Sans remettre en cause les objectifs et les solutions retenues par le législateur en 1999, la proposition de loi procède donc à quelques modifications pour que le futur Conseil national des communes « Compagnon de la Libération » puisse faire vivre et respecter les traditions dont l'Ordre est porteur depuis sa création. Il sera présidé par un délégué national nommé par le Président de la République, la date butoir fixée pour sa création étant le 16 novembre 2012, ce qui correspond au soixante-douzième anniversaire de l'Ordre.

La présente proposition de loi s'inscrit pleinement dans la continuité des modifications apportées en 1999 et je ne peux que rendre hommage au travail accompli par leurs auteurs. Le consensus qui entoure cette proposition doit être relevé, car il montre l'attachement de toute la représentation nationale à l'avenir de l'Ordre.

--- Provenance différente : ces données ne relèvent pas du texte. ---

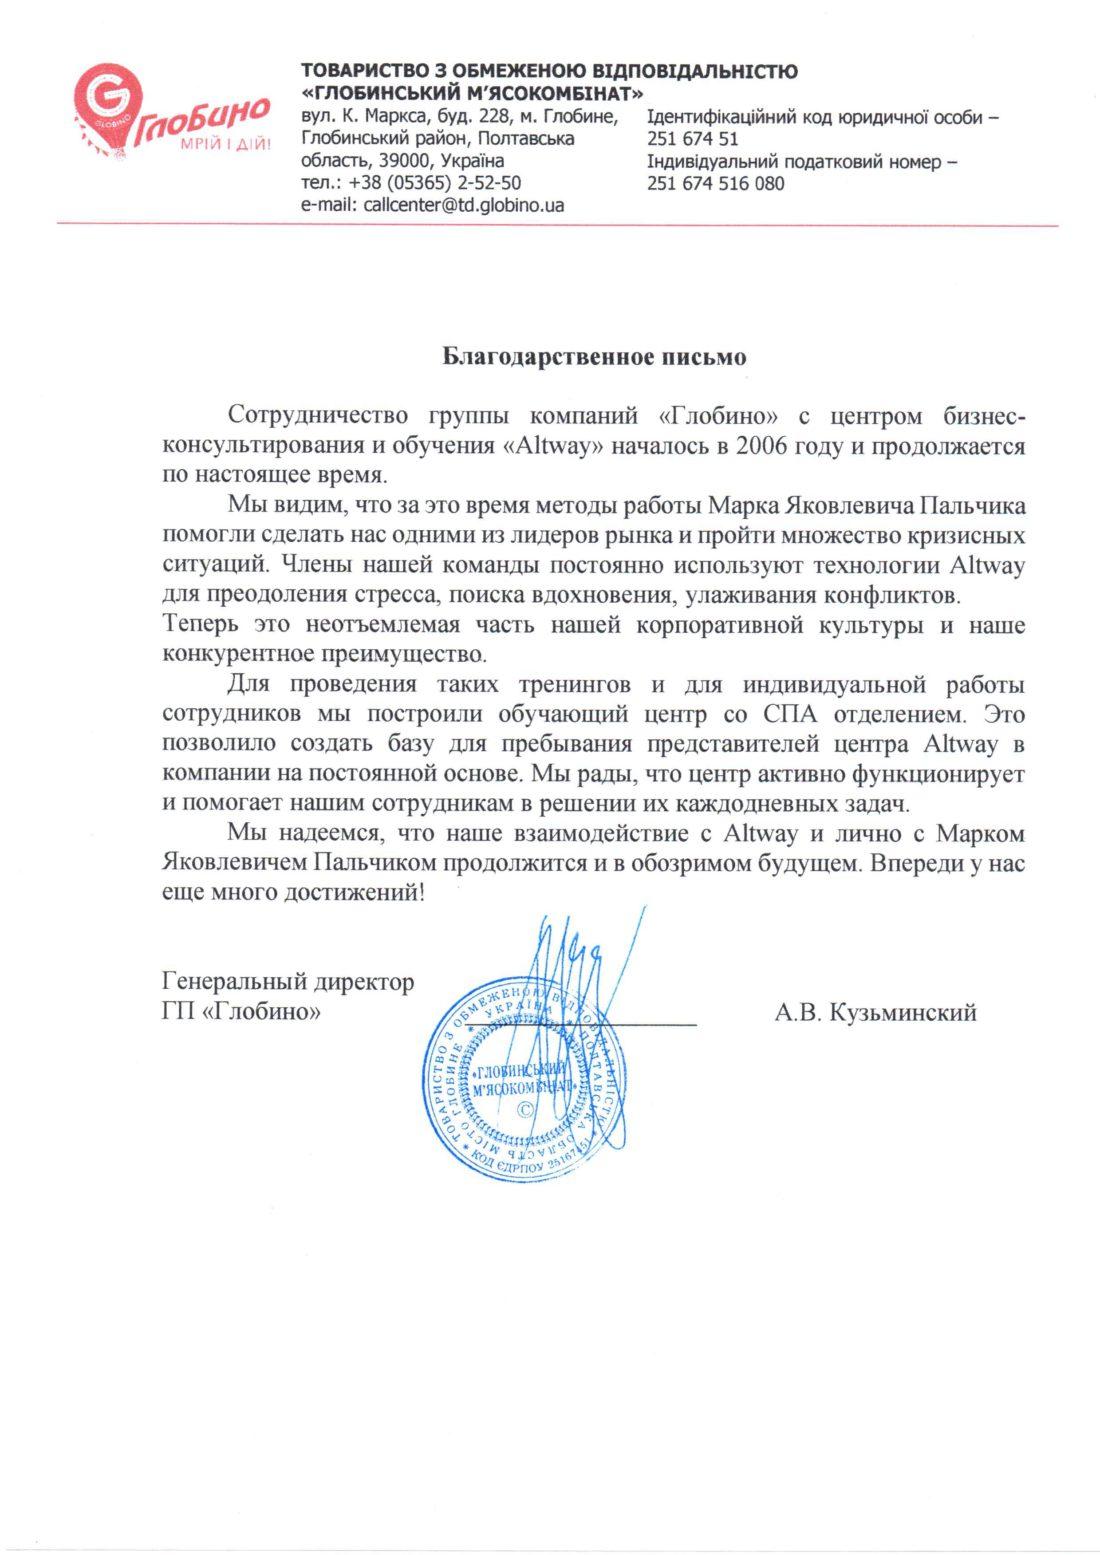 Blagodarstvennoe pismo 1100x1555 Александр Кузьминский
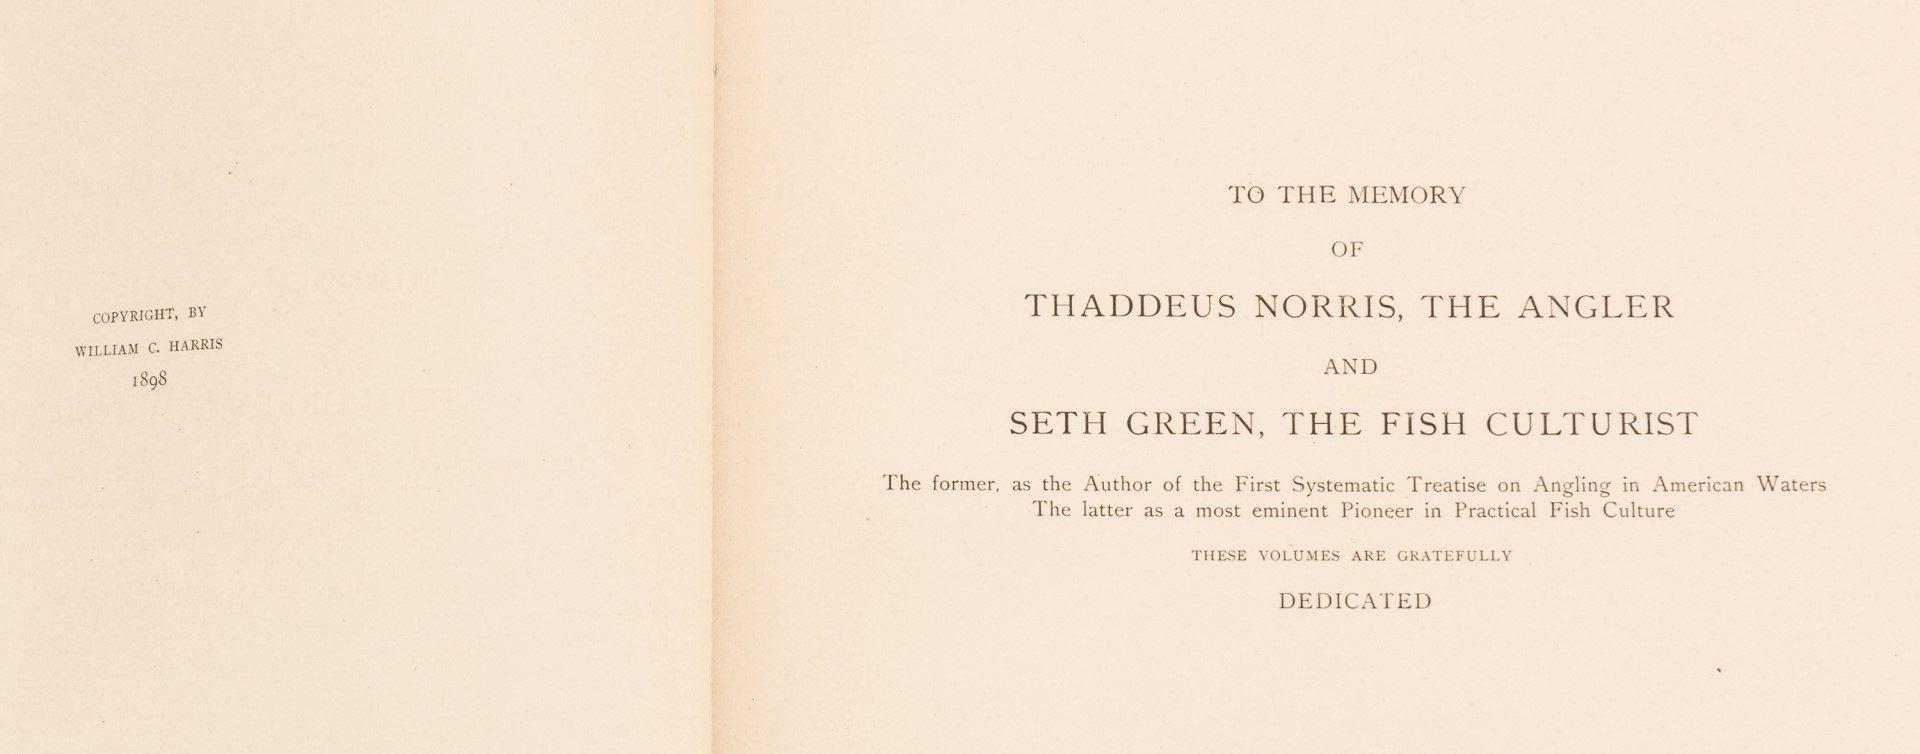 Lot 556: The Fishes of North America, William C. Harris, 18

Ainsi, monsieur le président, monsieur le secrétaire d'État, mes chers collègues, une page de l'ordre de la Libération se tourne, mais le symbole de cette croix se trouve résumé dans sa devise : Patriam servando victoriam tulit, c'est-à-dire : « En servant la patrie, il a remporté la victoire » – victoire sur l'occupation de notre pays, victoire sur la barbarie et le nazisme.

Pour tous les Compagnons – auxquels le général de Gaulle remettait la Croix en disant : « Nous vous reconnaissons comme notre compagnon pour la libération de la France dans l'honneur et par la victoire » –, pour ceux qui sont aujourd'hui disparus et ceux qui sont encore en vie, il y a dans la décision que nous prenons aujourd'hui la certitude que notre pays continuera à les honorer, à transmettre la mémoire de leur courage et de leur glorieuse épopée.

Je vous invite donc, mes chers collègues, à adopter sans réserve cette proposition de loi que la commission de la défense nationale et des forces armées a adoptée à l'unanimité et sans modification. (Applaudissements sur tous les bancs.)